History and Validation

The most widely used and most studied coma score to date is the GCS, first described by Teasdale and Jennett in 1974 and revised in 1976 with the addition of a sixth point in the motor response subscale for “withdrawal from painful stimulus” [3, 4]. The GCS was initially intended to assess level of consciousness after traumatic brain injury (TBI) in a Neurosurgical Intensive Care Unit in order to facilitate communication among staff regarding patient status [3]. Since then it has become the gold standard against which newer scales are compared and used widely by Emergency Department (ED) staff, Medical and Surgical ICU’s as well as by pre-hospital providers.

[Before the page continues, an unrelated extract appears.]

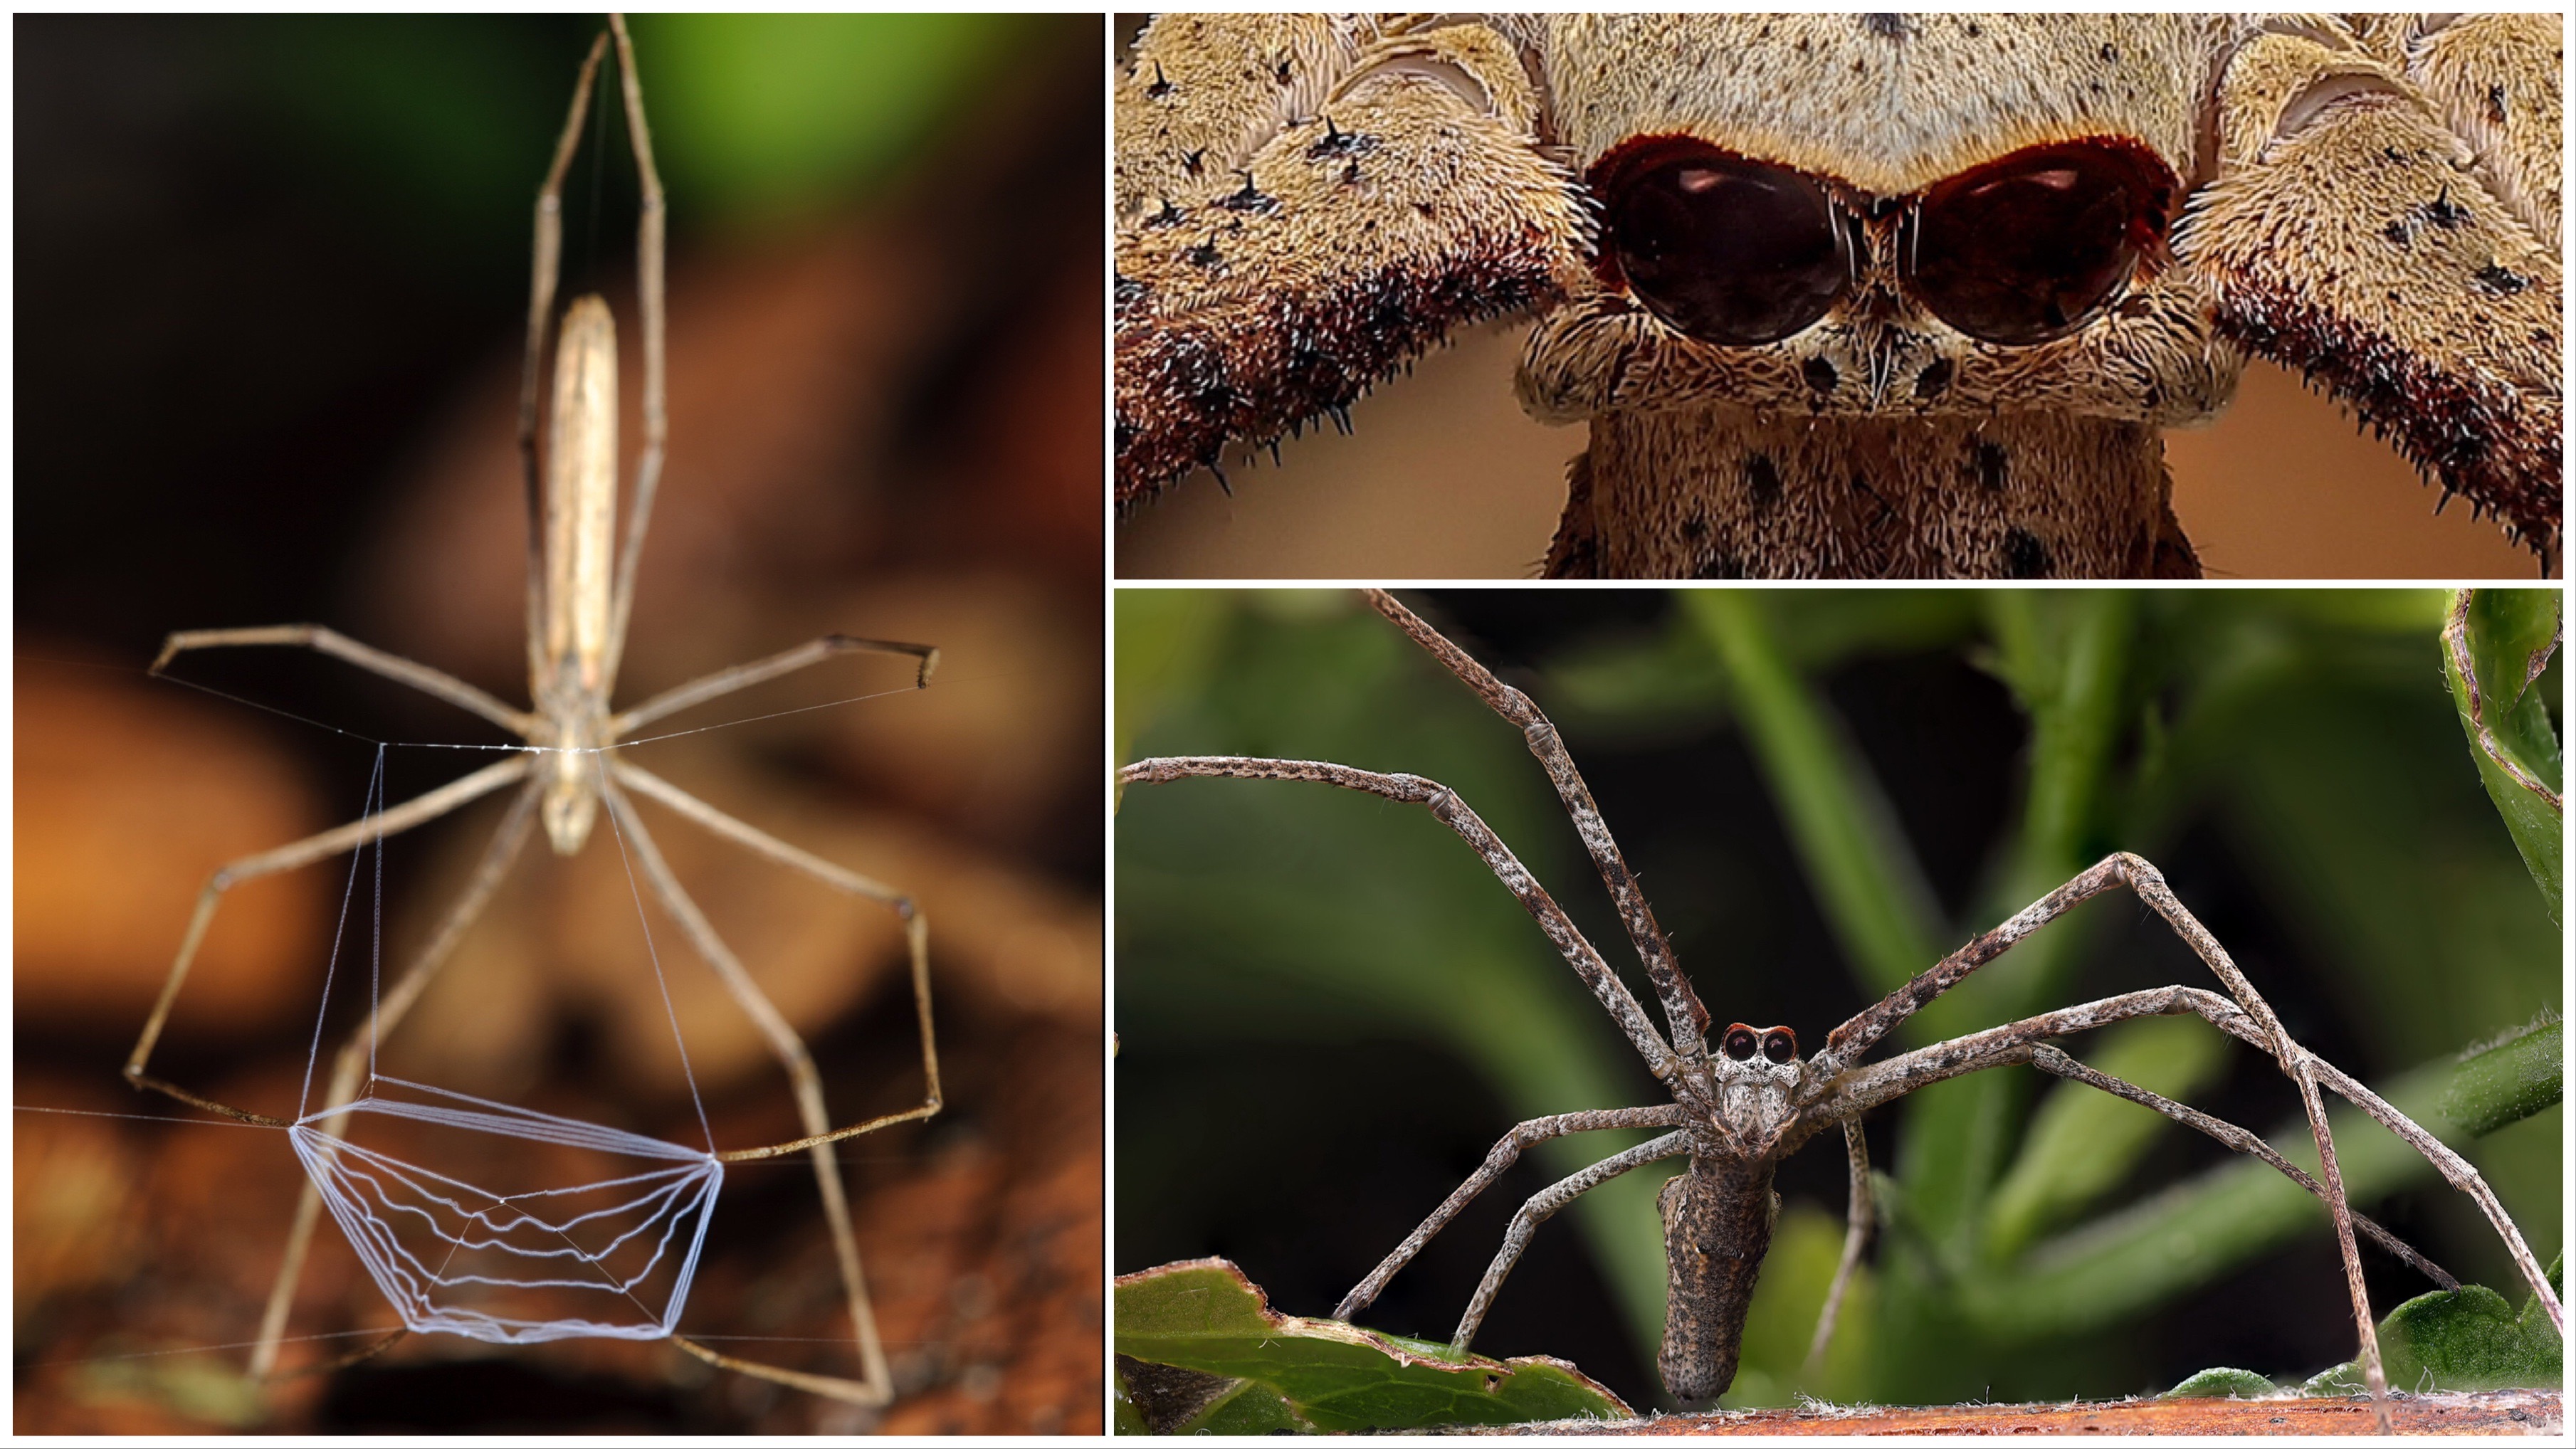 Az ogrearcú pókok nem várnak rá, hogy a hálójukba gabalyodjon a zsákmány: röptükben kapják el a legyeket, szúnyogokat és lepkéket.
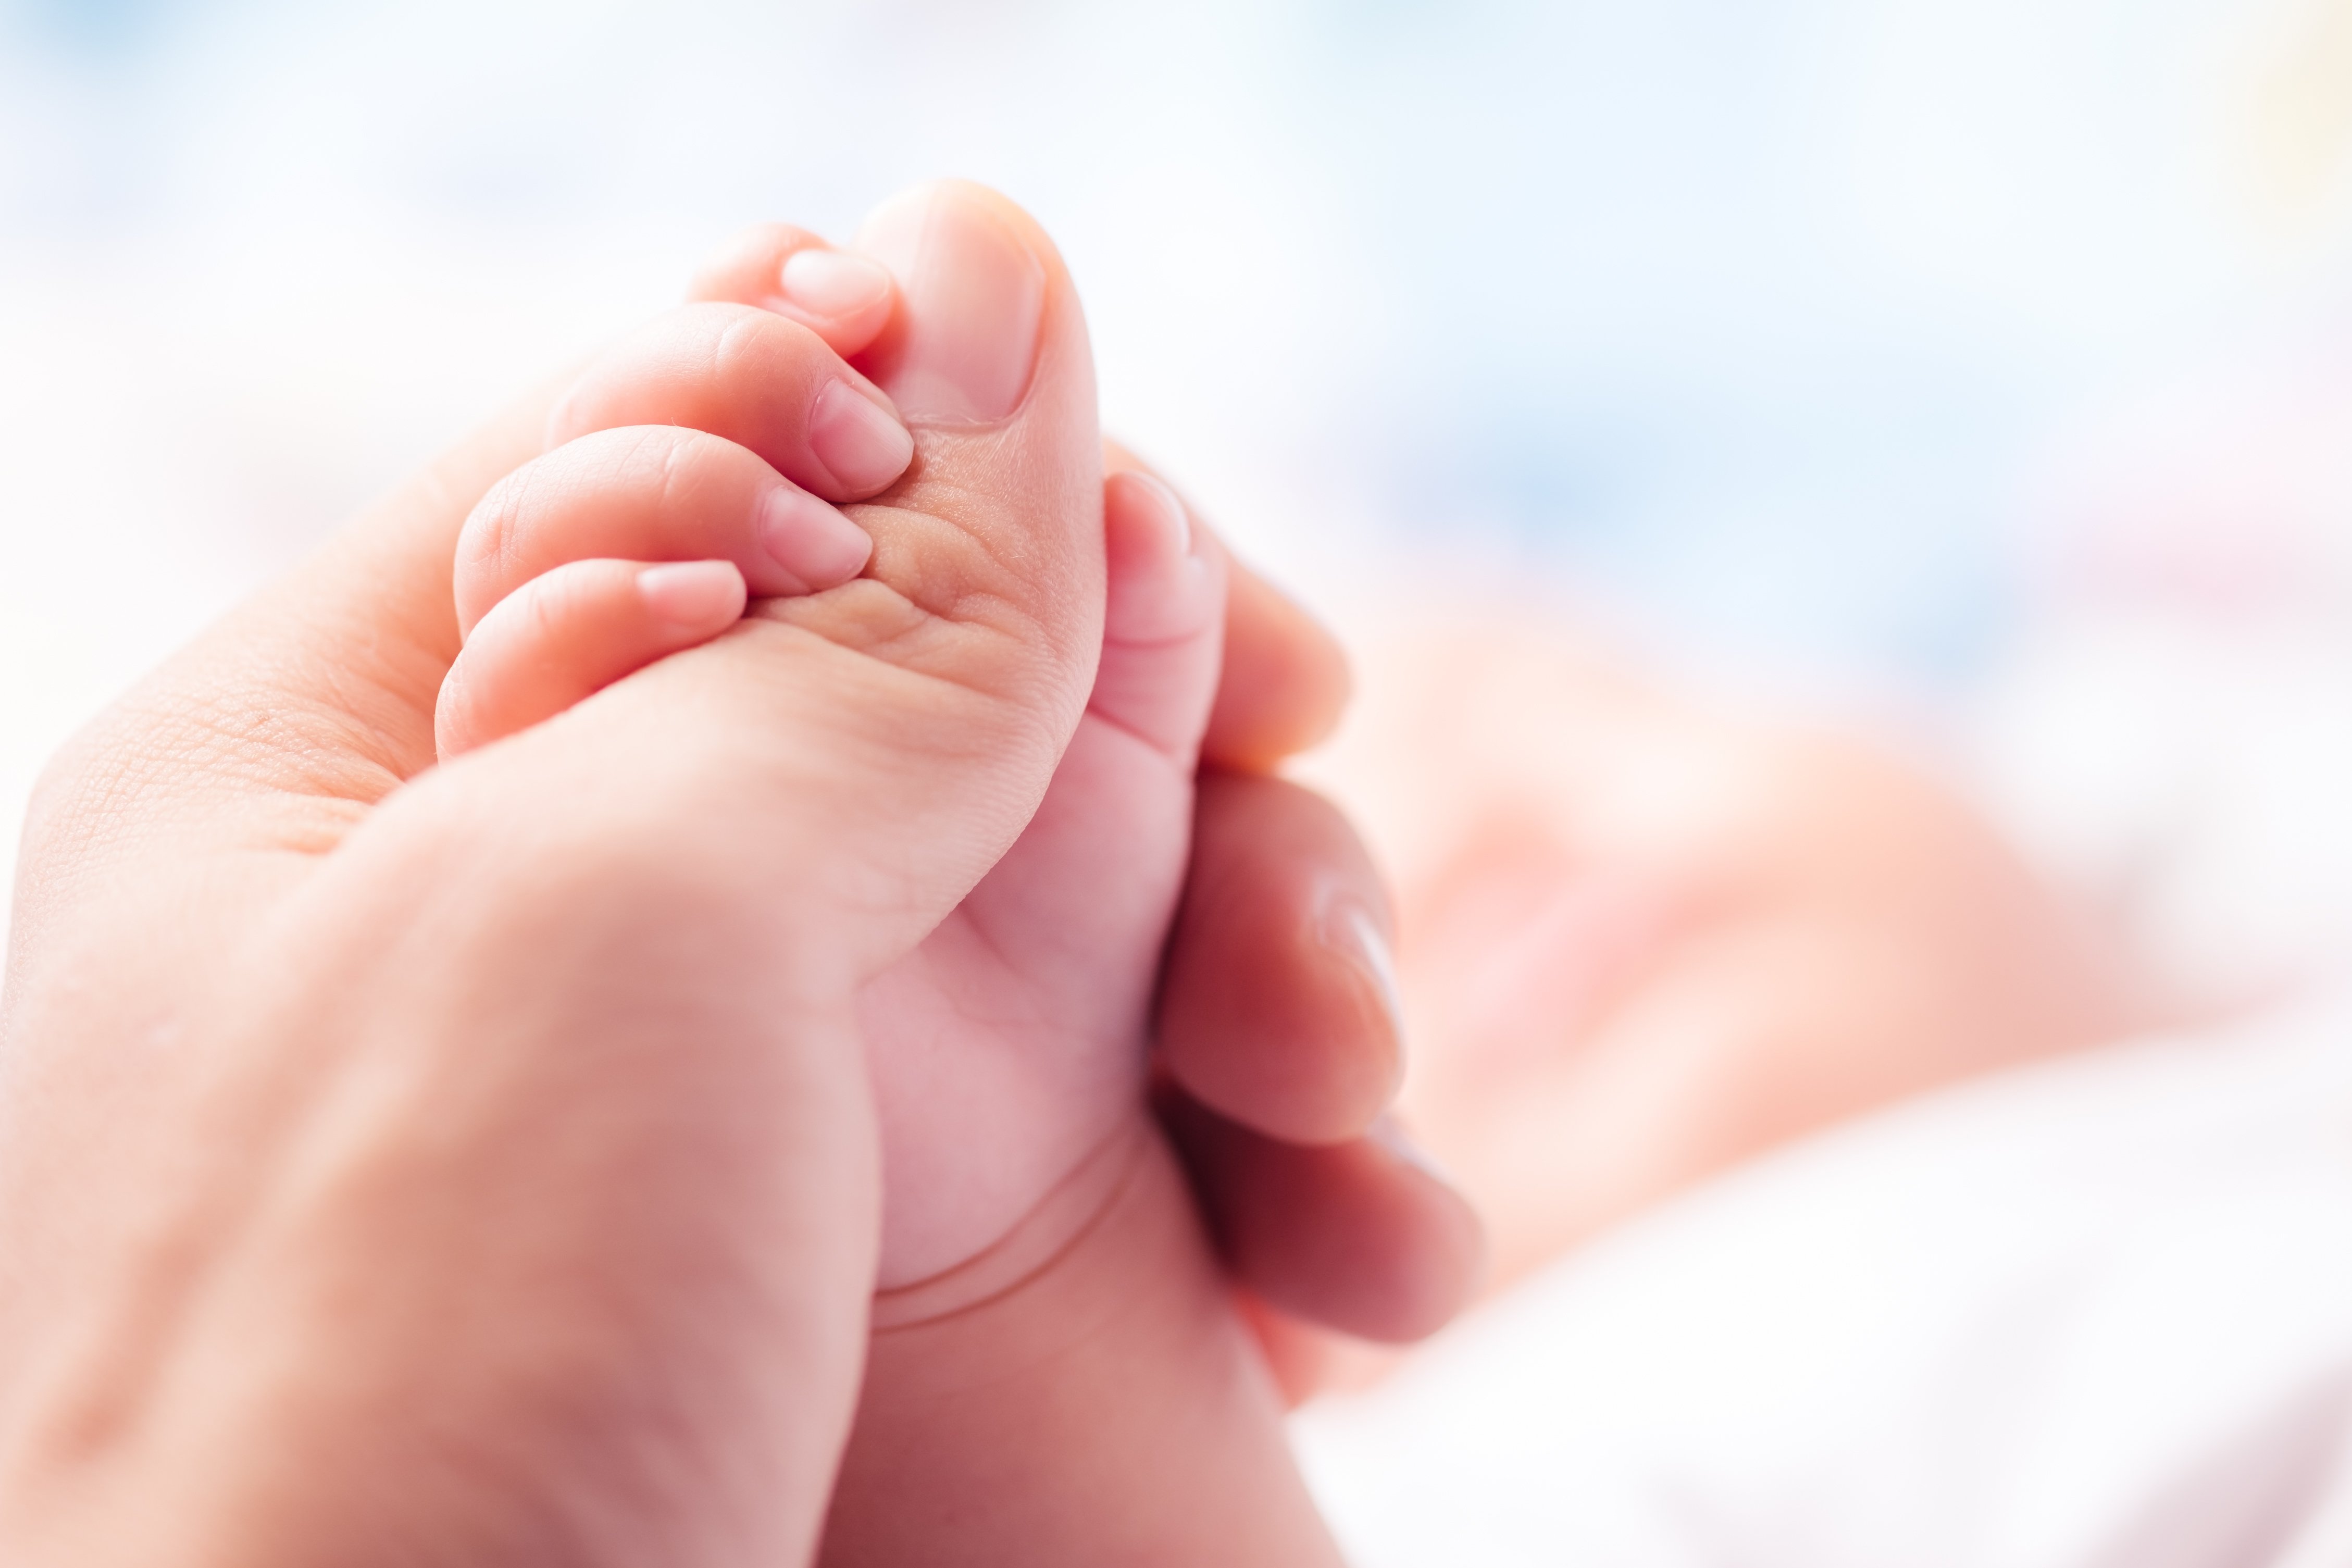 Mano de bebé recién nacido. Fuente: Shutterstock

Moving beyond the developers’ original indication, the GCS has been validated as a useful tool for prediction of outcome after intracranial hemorrhage [5], subarachnoid hemorrhage (SAH) [6], poisonings including ethanol [79], neurodegenerative diseases [10], drowning [11, 12], cardiac arrest [1316], recently tuberculous meningitis [17], and prediction of death in palliative care [18]. The GCS is typically praised for its ease of use, and universal approval. The GCS calculates a score from 3 to 15, with 3 being the worst, allowing for 120 different combinations grouped into 12 possible scores. Points are awarded for eye opening, motor response, and verbal response (Table 1).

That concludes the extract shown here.